» Data supplied
= = = = =
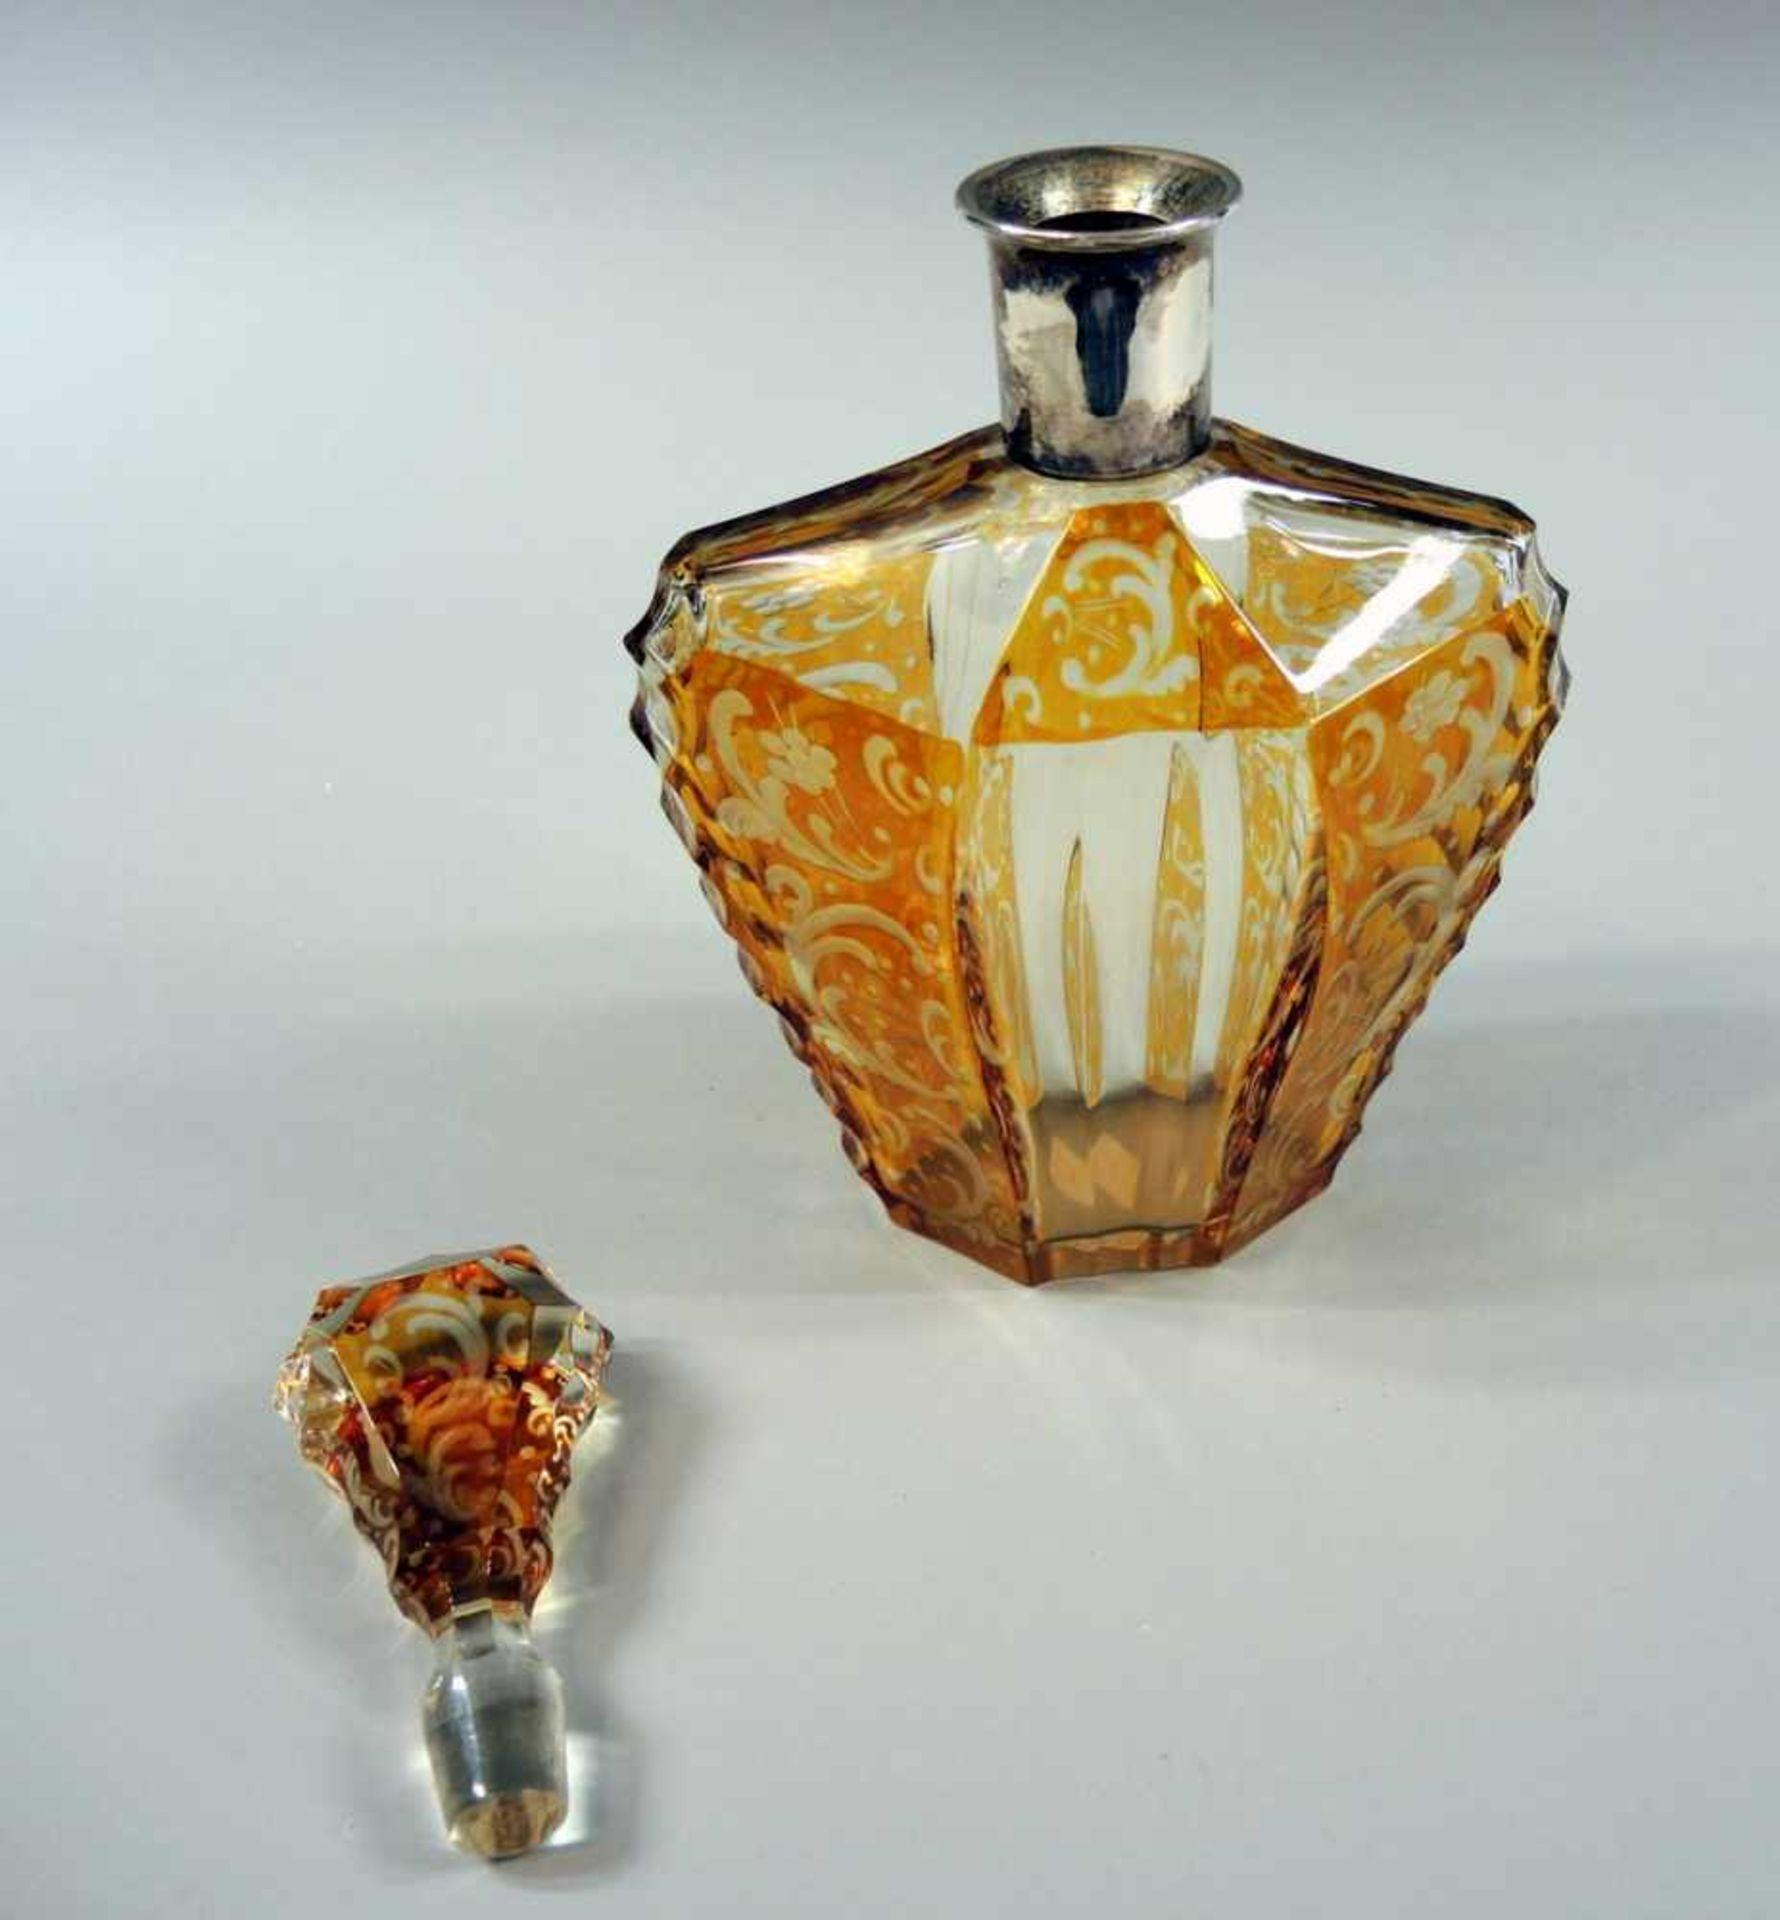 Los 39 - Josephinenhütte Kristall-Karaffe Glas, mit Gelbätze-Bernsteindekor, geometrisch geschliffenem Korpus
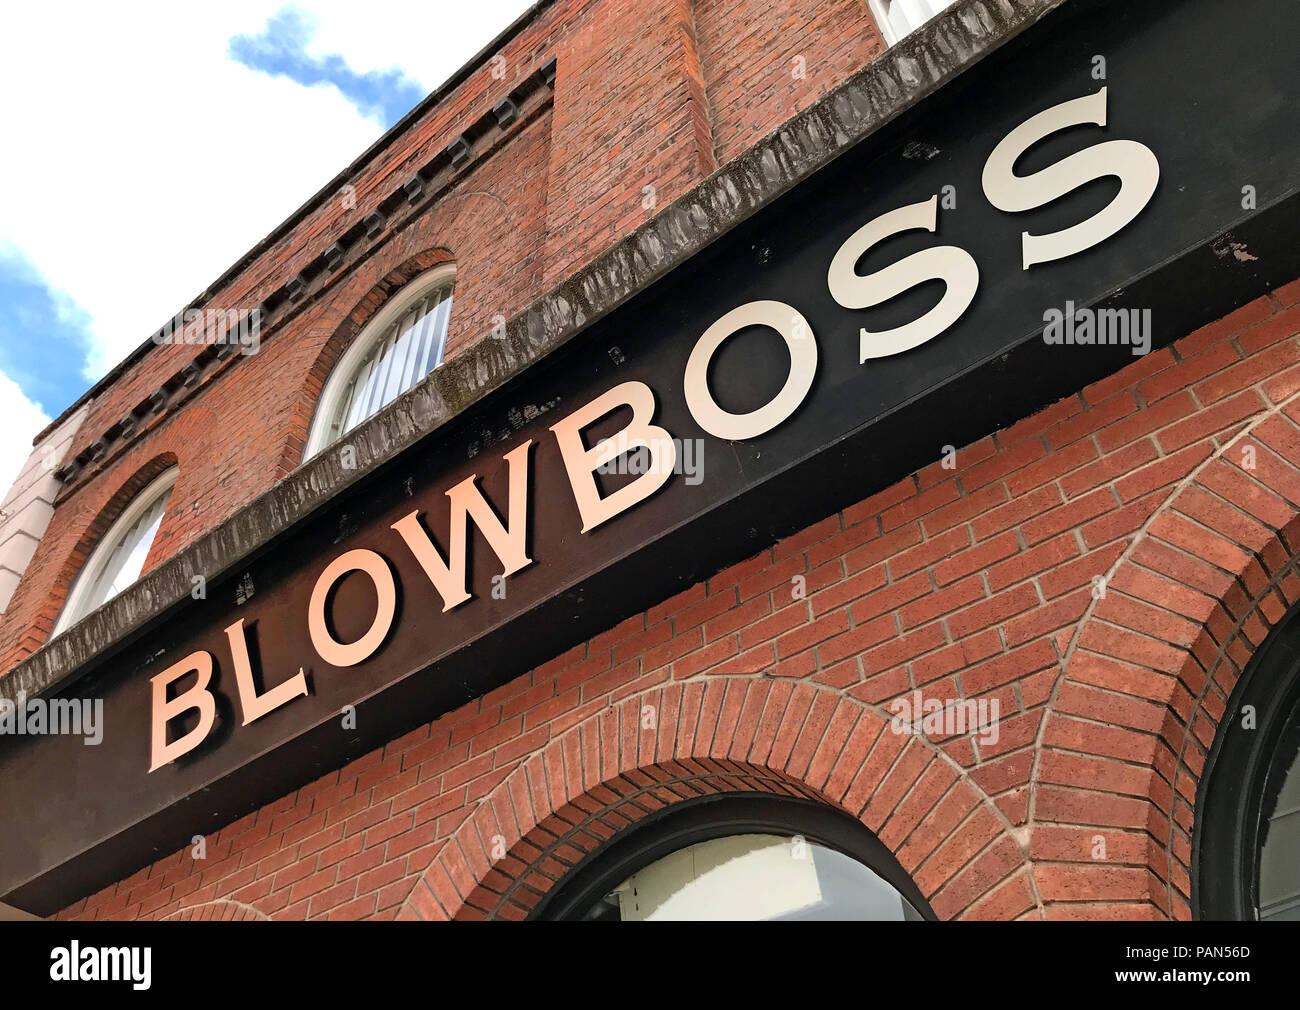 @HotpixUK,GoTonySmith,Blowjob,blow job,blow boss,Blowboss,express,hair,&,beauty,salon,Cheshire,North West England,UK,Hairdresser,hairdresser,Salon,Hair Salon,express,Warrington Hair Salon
= = = = =
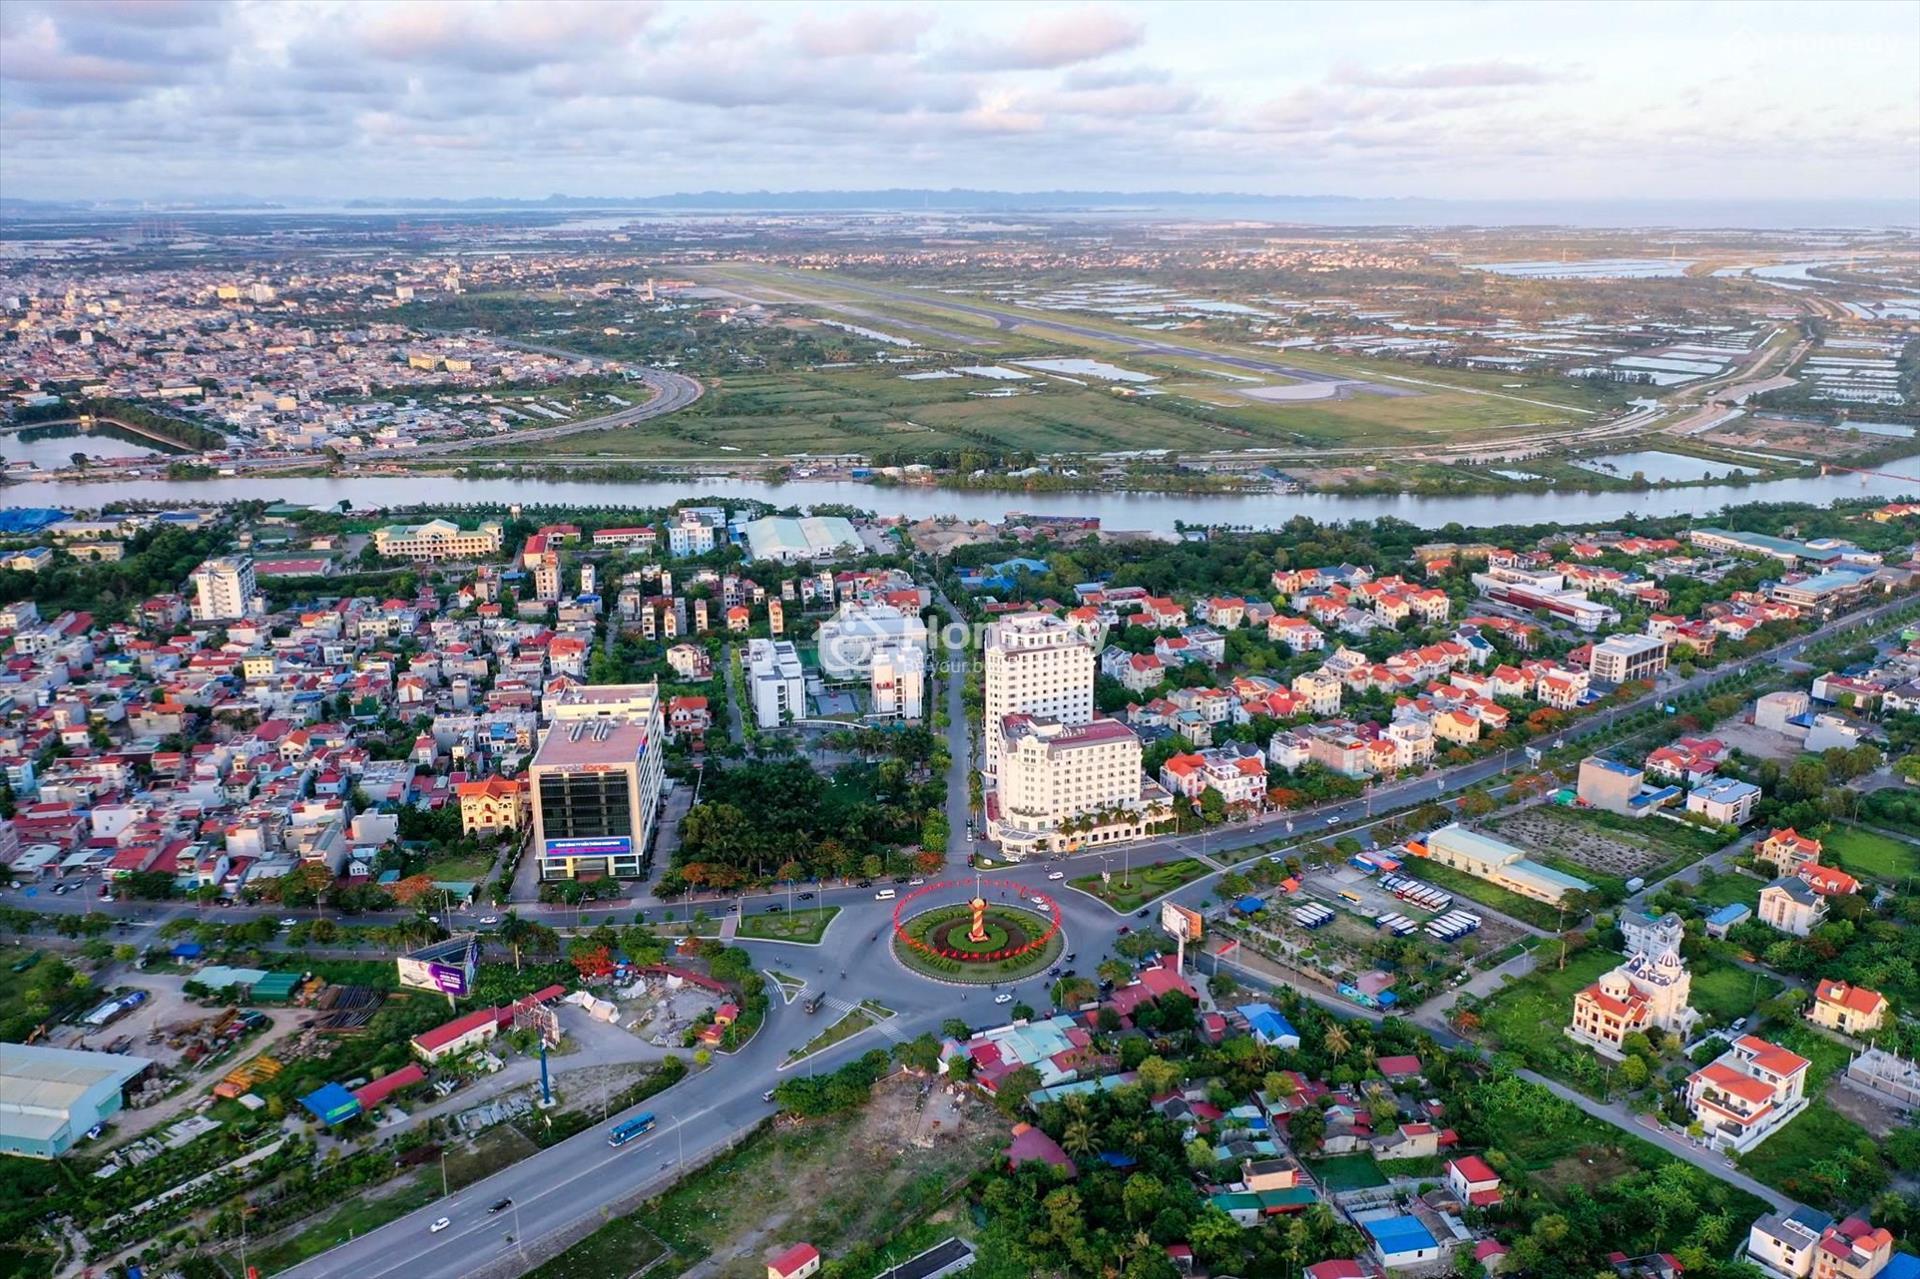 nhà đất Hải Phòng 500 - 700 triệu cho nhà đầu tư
= = = = =
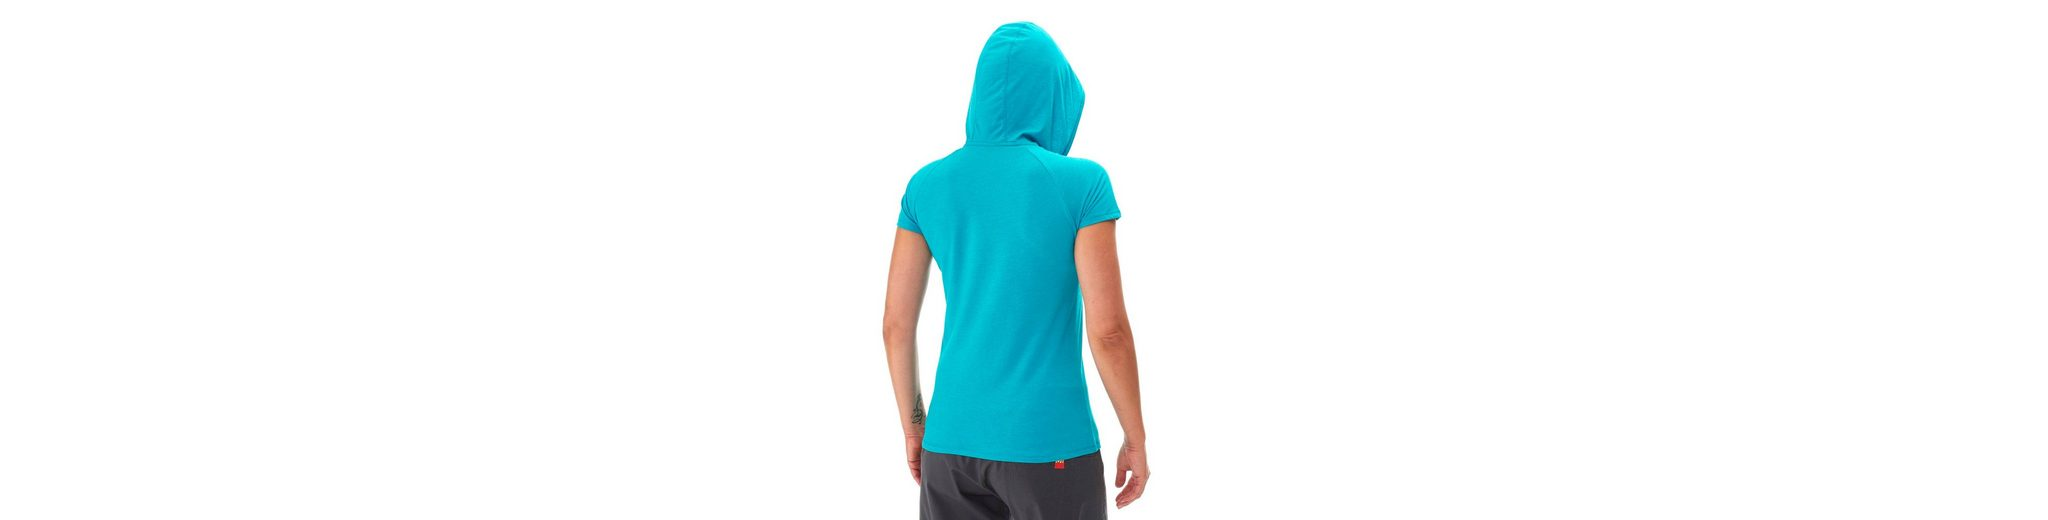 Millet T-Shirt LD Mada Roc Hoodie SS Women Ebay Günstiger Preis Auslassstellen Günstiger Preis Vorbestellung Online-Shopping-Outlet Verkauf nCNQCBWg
= = = = =
» Activity
Among the entries above, take the line with "Los 39 - Josephinenhütte", the line with "Salon,express,Warrington Hair Salon", and all the lines between them, and restate them word for word without pictures.

» Written response
 Los 39 - Josephinenhütte Kristall-Karaffe Glas, mit Gelbätze-Bernsteindekor, geometrisch geschliffenem Korpus
 @HotpixUK,GoTonySmith,Blowjob,blow job,blow boss,Blowboss,express,hair,&,beauty,salon,Cheshire,North West England,UK,Hairdresser,hairdresser,Salon,Hair Salon,express,Warrington Hair Salon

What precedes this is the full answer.